The branch I’m exploring did, unfortunately, disconnect before the beheading, when in 1200 Isolde de Brereton received from her father the lands of Brinley3 (or perhaps Brunlee). She married Gilbert de Stoke and the new Brinley family disappears for awhile before reappearing in the 17th century once again rubbing elbows with a king. Beheading is, again, involved in the story.
In the 17th century, as you may recall from a previous letter, the Brinleys were a relatively well-to-do family in England — Thomas Brinley, Grizzelle’s father, was auditor for King Charles I. I am morally obligated now to remind you what William Laud, Archbishop of Canterbury, said of Charles I: “[he] knows not how to be or be made great.” Something that, if said of me, would kill me on impact.
Anyway, Charles I’s reputation plummeted when he dissolved Congress in 1629. This led to great unrest and the English Civil War. Charles I would not escape with his head, but Thomas Brinley on the other hand left the city for a country house, from which he would then send his children to New England, where they would once again become invaders-turned-elite.

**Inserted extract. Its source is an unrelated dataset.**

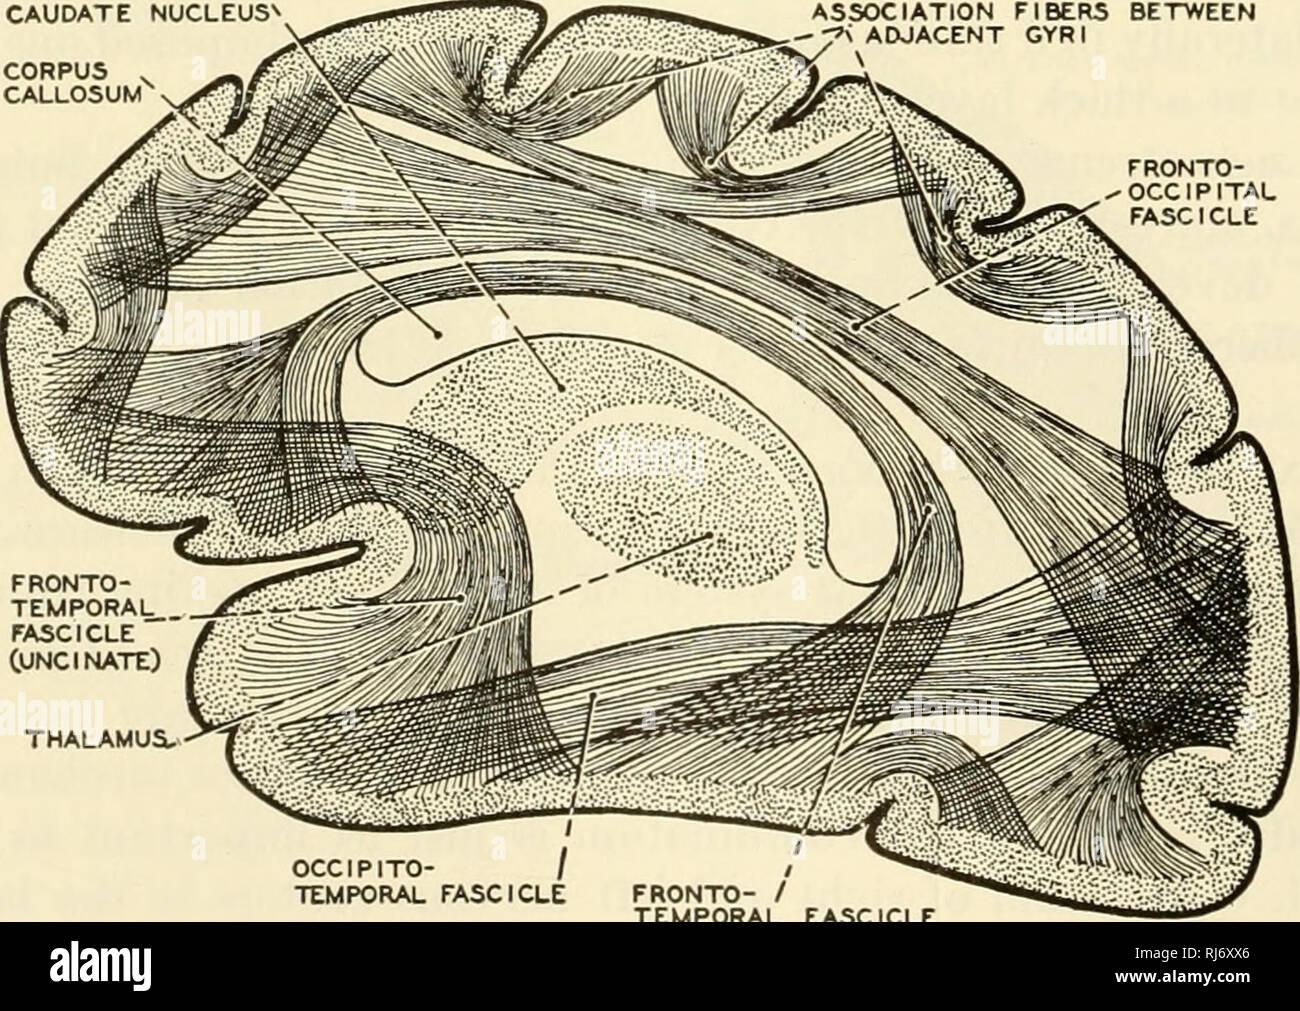 temporal lobe- occipital lobe •cerebellum ml dole peduncle nferior peduncle  fig  525  diagram

Of Charles I, Gerrard Winstanley, an English activist in the 17th century, wrote:
“Seeing the common people of England by joynt consent of person and purse have caste out Charles our Norman oppressor, wee have by this victory recovered ourselves from under his Norman yoake.”
Sources:
“The L’Hommedieu Family of Southold Long Island New York” Compiled by William Alexander L’Hommedieu and Patia Havens L’Hommedieu, Port Washington, NY, 1942
“The Breretons of Cheshire, 1100 to 1904 A.D.” by Robert Maitland Brereton
“Genealogical Gleanings in England” by Henry F Waters
“History of Cheshire, Vol. III.,” Northwich Hundred, p. 83
“The Norman Conquest didn’t change ordinary people’s lives very much,” Ars Technica
“Peasants and their role in rural life,” The British Library
You’d think we could have a nice little giggle about ‘Cheddar Man’ but we cannot, because in 2018 there was a facial reconstruction based on his skull and DNA; the reconstruction shows a dark-skinned, blue-eyed person, and the British got racist about it. As if all of our ancestors did not walk on two legs, first, in Africa.
this is a joke
The Brinleys have so far been a bit harder to pin down, but the website FabPedigree, “for hobbyists who want to trace their descent from ancient genealogies,” suggests that one William Brindley of Willenhall, born 1553, is the 10th great grandfather of our dear new king, Charles III. I will put a pin in this for now and pray to the beloved Christian God that it is not so.